**So What Exactly Does a Derivative Tell Me?**

A derivative is simply a rate of change. If f(x) is a position function, then f'(x) tells us the velocity, or the rate at which position changes. The second derivative of f(x) (f"(x)) tells us acceleration. f"(x) is also the first derivative of velocity, and describes the rate of change of velocity. Or another way to put it is the rate of change of the rate of change.

Let's examine velocity. We know that if a function is increasing on an interval, then the velocity has to be positive on that domain. Graphically, the velocity will be above the x-axis. Conversely, if a function is decreasing, then the velocity is negative and below the x-axis.

**Great, Now How Does This Help Us?**

Knowing the derivative of a function gives us a lot of information about that function. For example, the first derivative tells us where the extrema of a function are, or the points at which their maximum and minimum values lie. We call this the first derivative test. So how exactly does the first derivative test work? First, start off by setting f'(x) = 0, and solving for x. These values of x are called critical values.

So how do we know where the maximum and minimum values lie on f(x)? We know that if f(x) is decreasing, then f'(x) is negative; and if f(x) is increasing, then f'(x) is positive. So where f'(x) transitions from negative to positive, we have a minimum; and when f'(x) transitions from positive to negative, we have a maximum.

The second derivative, which describes the acceleration of f(x), also provides invaluable information about the function. From the second derivative, we can determine the maximum and minimum values for the velocity, which are called points of inflection. We refer to the changes that occur at these points as changes in concavity. That is, when f"(x) < 0, the function is concave down; and when f"(x) > 0, the function is concave up.

In the image below, the hump to the left of the y-axis is concave-down, and the hump to the right axis is concave up. We can see the function initially decreasing until it reaches the maximum (think first derivative test), and then continuing to decelerate at a slower rate until it reaches its minimum, at which point it increases again.
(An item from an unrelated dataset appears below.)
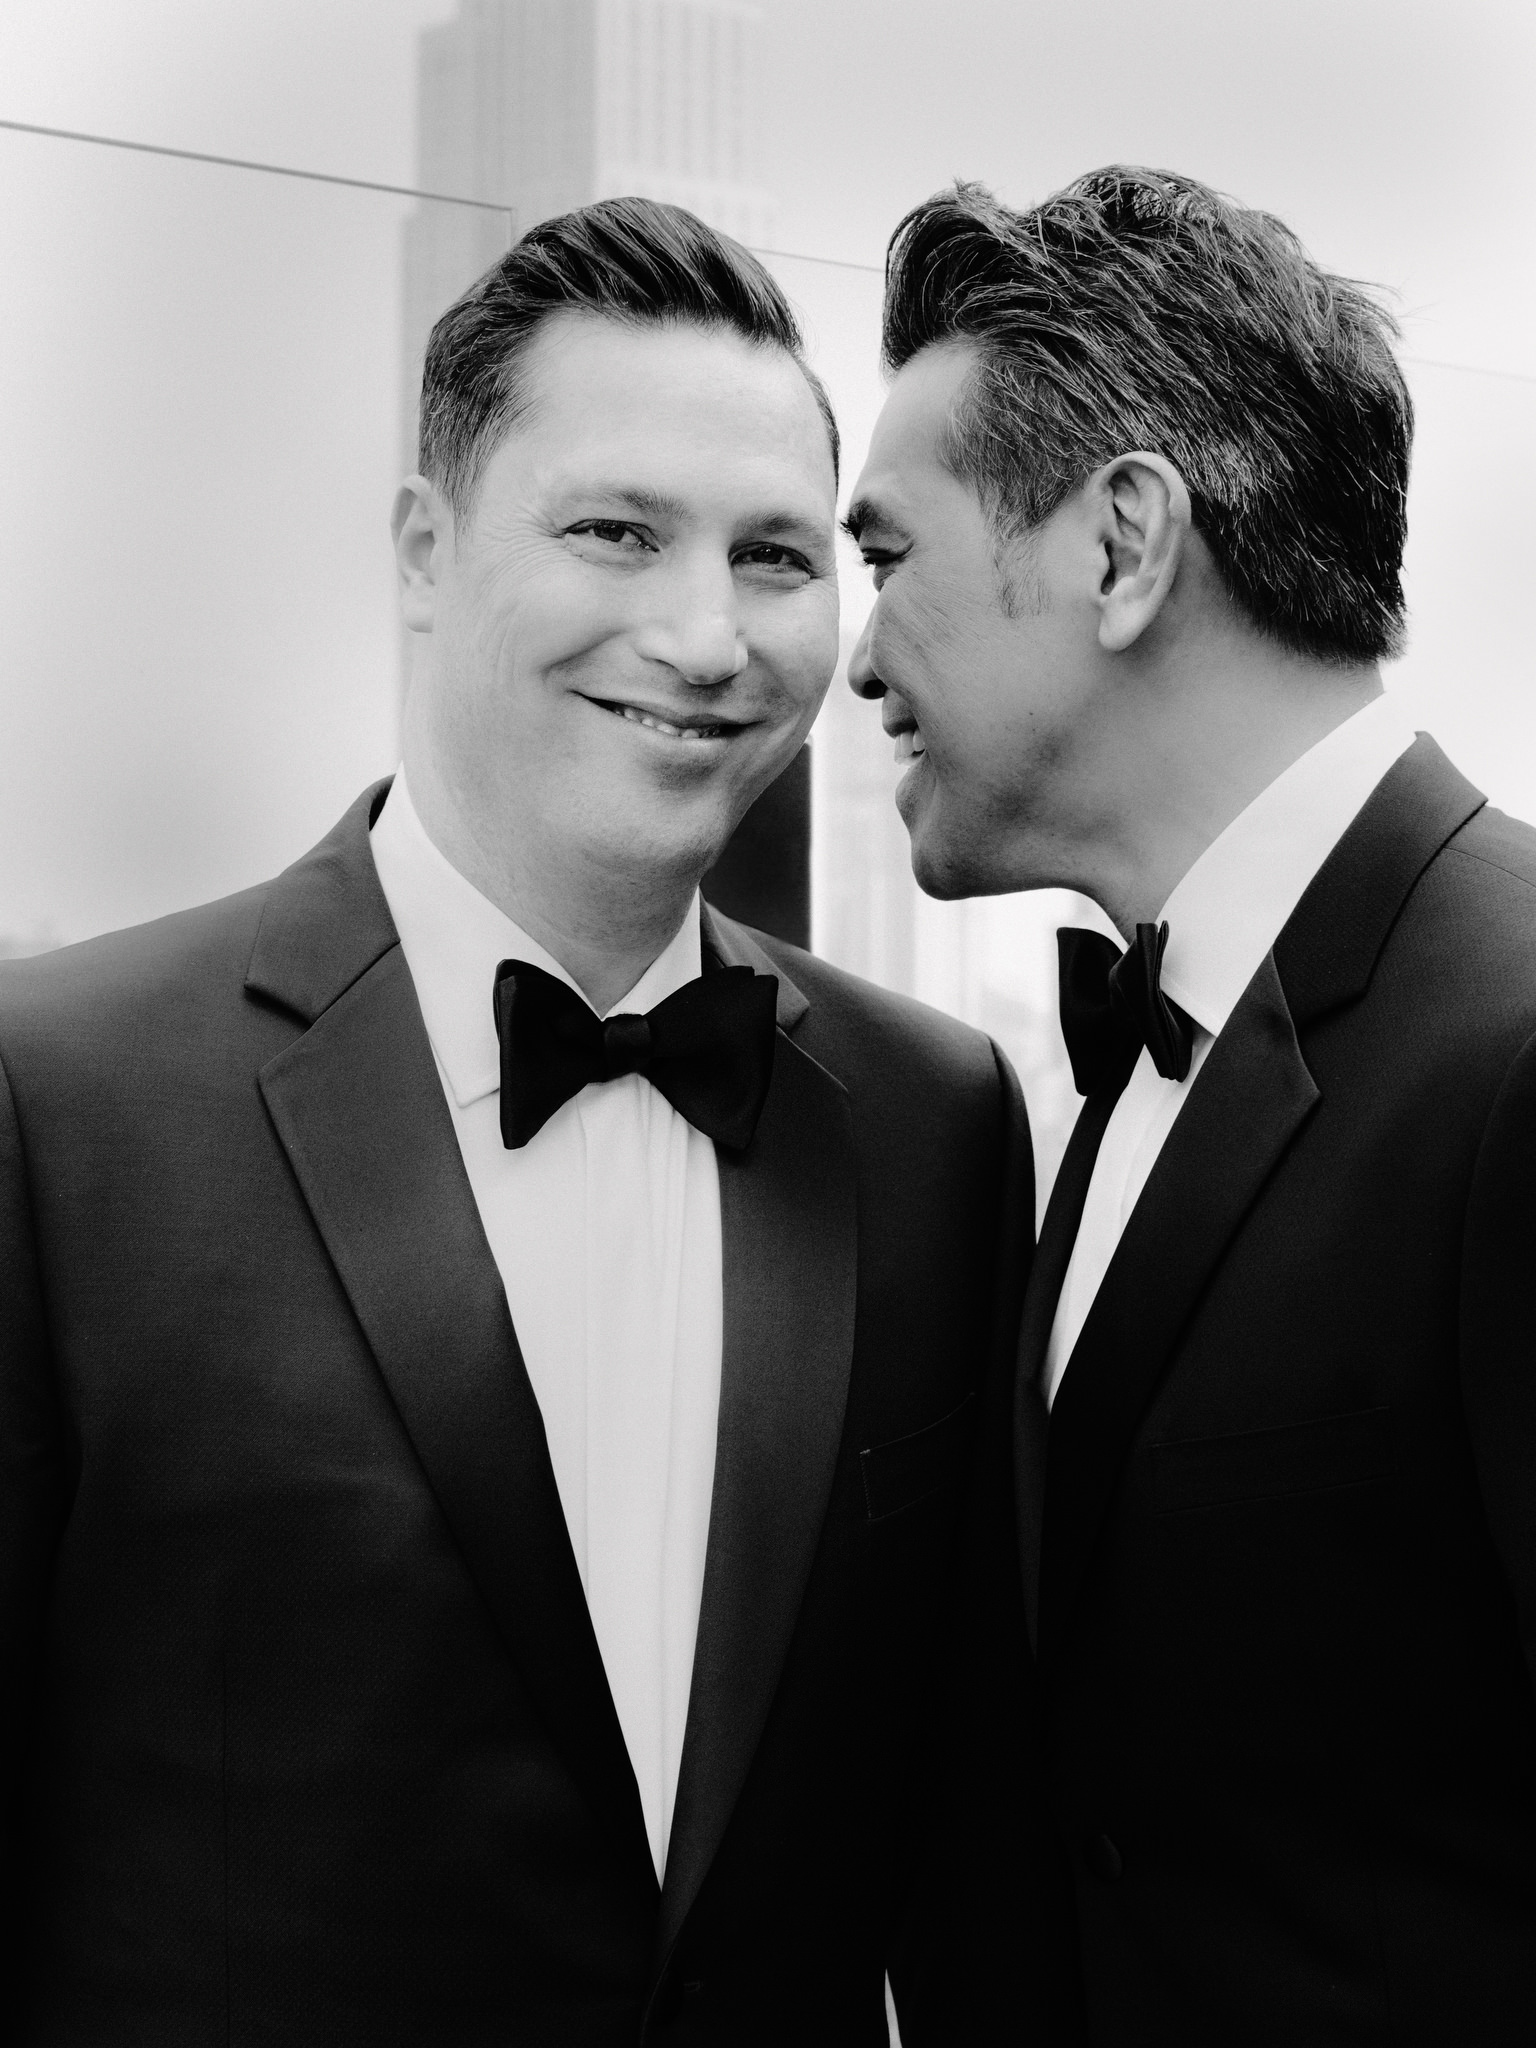 Same sex male couple smiling at each other wearing suits on wedding day
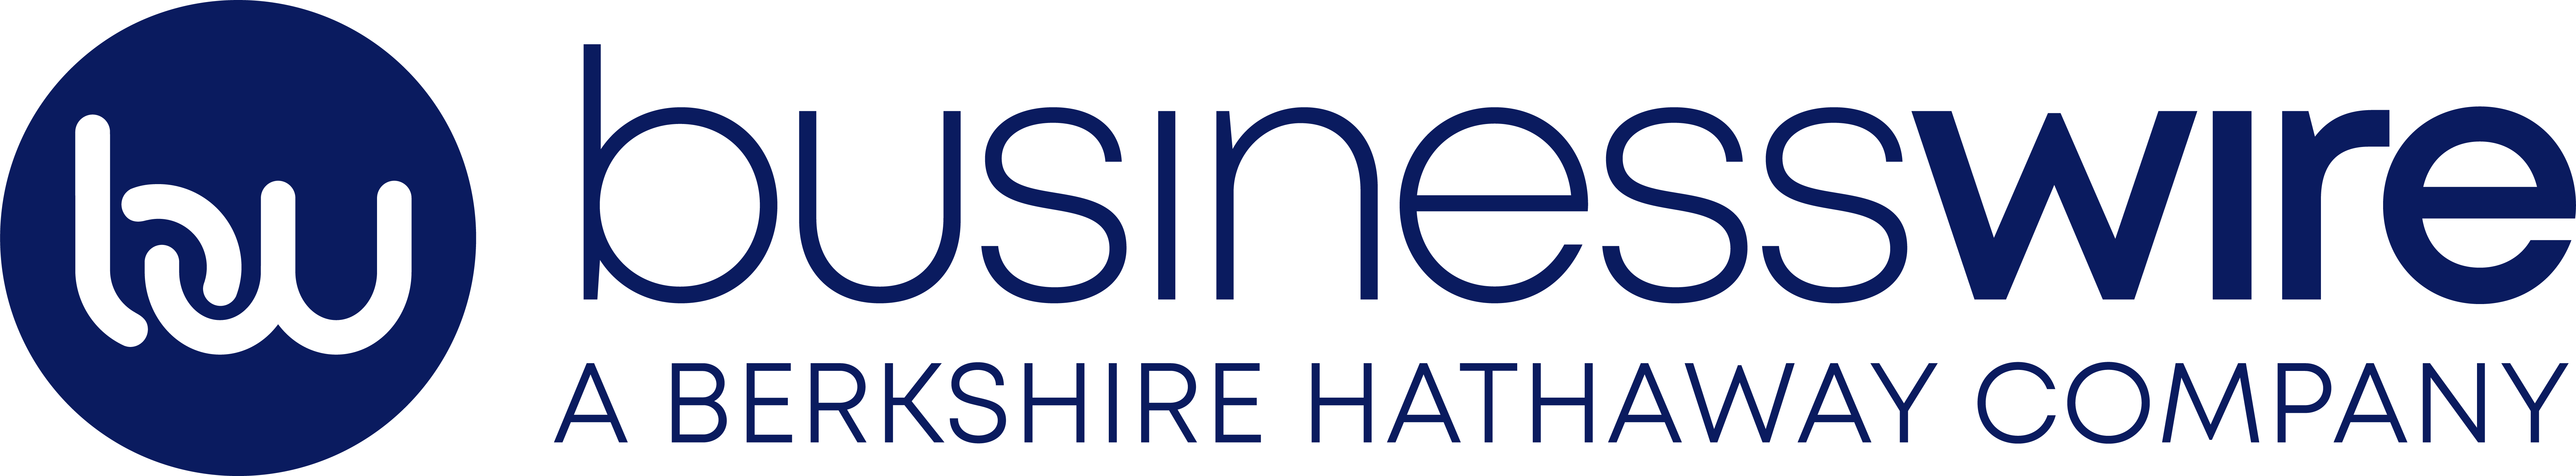 About - Business Wire Logo Small Navy

Based on this information found in the second derivative, we can use the second derivative test to determine where local extrema lie on a function. Our precondition for the second derivative test is that f'(x) = 0 for our given point x. Based on this, we have the following conditions:

-f"(x) > 0: Local Minimum

-f"(x) < 0: Local Maximum

-f"(x) = 0: Inconclusive

Let's break these conditions down a little more. First, we know that f'(x) = 0. So if our acceleration is negative at x, that means there is a maximum because the function is going to change from increasing velocity to decreasing velocity at x. Similarly when f"(x) > 0, there is a minimum because the function changed from decreasing to increasing at x. Our last condition, f"(x) = 0, is inconclusive using the second derivative test because it is a possible point of inflection. You will have to test x using the first derivative test instead.

**L'Hospital's Rule**

L'Hospital's rule helps us evaluate limits in an indeterminant form by taking the derivative of the expression. Some indeterminant forms include 0 * infinity, +-infinity, 0^0, 1^infinity, etc. Formally, the rule is: lim(x-->a) f(x)/g(x) = lim(x-->a) f'(x)/g'(x).

Let's take a look at a couple of examples:

1) lim(x-->0) sin(x)/x

Starting off, this limit looks like infinity, which is an indeterminant form. If you have memorized this as a "special limit", you may recognize it as 1. We can prove this using L'Hospital's rule, though. So let's take the derivatives of the top and bottom functions. When we do this, we get: lim(x-->0) cos(x)/1, which evaluates to 1.

2) lim(x-->1) 2ln(x)/(x-1)

Again, we see an indeterminant form here of 0/0. So applying L'Hospital's rule to this limit, we can evaluate lim(x-->1) (2/x)/1 = lim(x-->1)2/x. This is much easier to evaluate, and again we get 2.

**Conclusion**

This concludes my second tutorial on derivatives. When working with particle motion, remember to always be thinking about what velocity is needed to change a particle's path, and what acceleration is needed to change the velocity. Accounting for these variables programatically and otherwise can make your life a lot easier when describing a particle.